The conservator is a magician for the art enthusiasts who have resorted to their service. The process of restoration or conservation never ceases to amaze most of us. This work is tedious, scientific, aesthetic and extremely instinctive. However, in this complicated line of work there is a flow of process or a series of steps that a conservator follows to help the artwork reclaim its former glory.
It all begins with the conservator studying the work of art they would be handling to identify the artist, period, style associated to that period, painting techniques and the materials that were available to the artist in that era. It is this research and knowledge that helps the conservator identify the materials including the pigments, fabric or any other base that might have been used in the artwork giving them an idea to plan the process of restoration best suited to it.
The conservator then needs to figure out the true colors of the painting and to do so, they remove the painting from the frame and analyze the sliver of an area that is hidden beneath the edge of the frame. It is this particular area where the colors are clean and light, much nearer to the original appearance. The next step is to observe the artwork under ultraviolet light to discover any remnants of organic varnish which tends to create a greenish or bluish luminosity in such conditions. A small cleaning test with a swab dipped in solvents is conducted to remove any such remnants of varnish on the painting’s surface.
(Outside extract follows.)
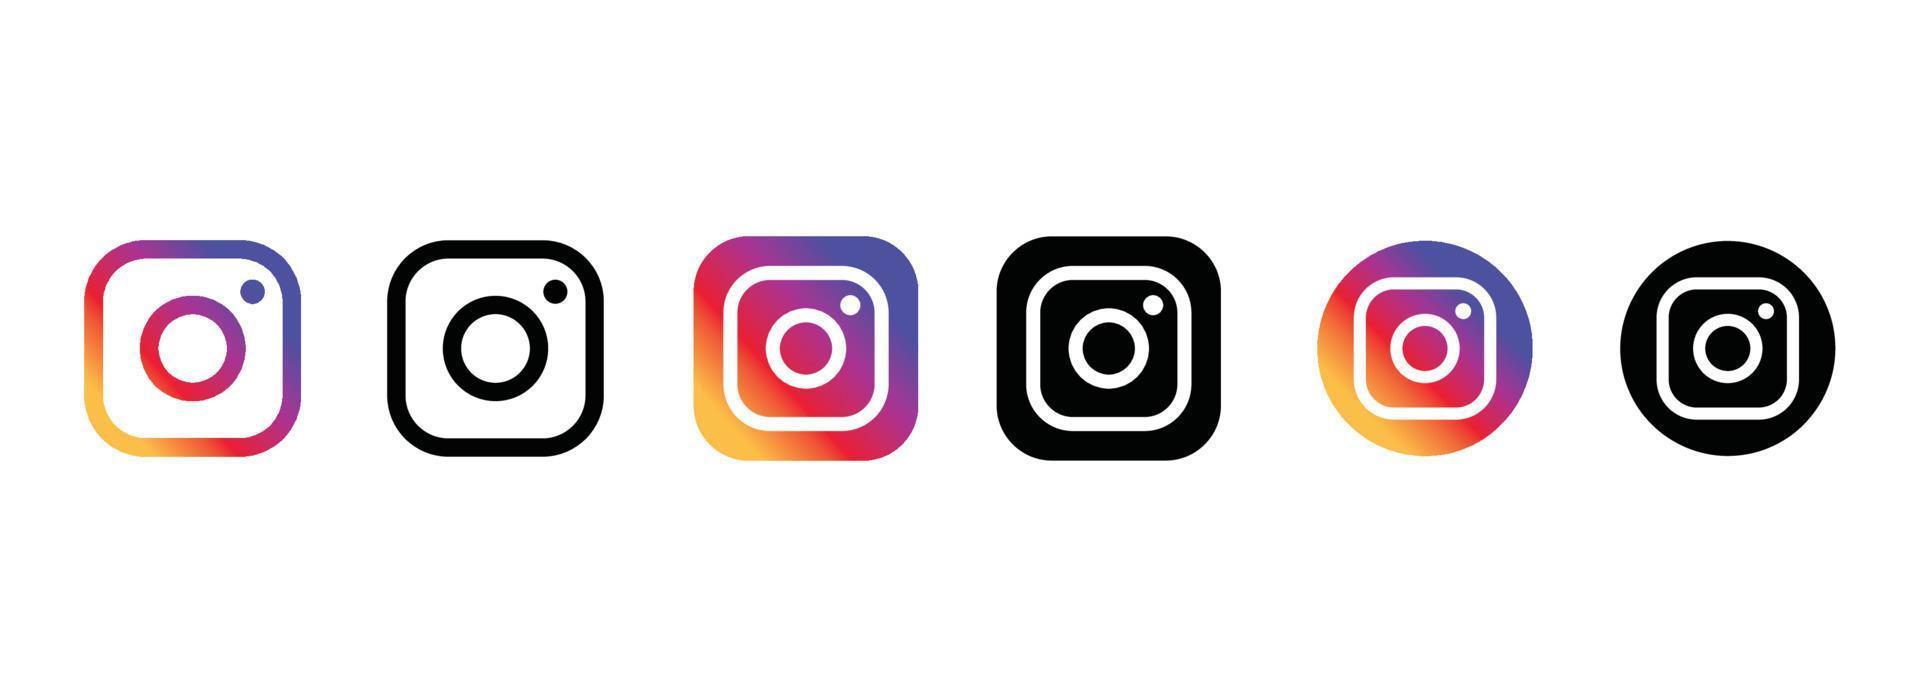 social media icon instagram logo in vlakke stijl met kleur en zwarte collectie vector

A series of such complicated and tedious processes are then carried out with the help of magnifying glasses, microscopes, and different lights to continue the process of restoration. It is imperative that each step and test conducted on the artwork is well documented through written notes and photographic evidence wherever needed.
Equipped with proper gear and immense patience and skill, the conservator cleans up the painting using solvents, while ensuring that there is no loss or abrasion in the pigment. This is a meticulous process that proceeds with painstaking accuracy and step by step procedures to remove the old layers of varnish and grime and reveal the real colors of the painting underneath.
The conservator’s training and experience is dedicated to the intent of bringing out the real beauty and colors of the painting while making sure that the chemicals do not cause and detrimental impact on the textile or pigments, as this kind of damage is simply irrevocable.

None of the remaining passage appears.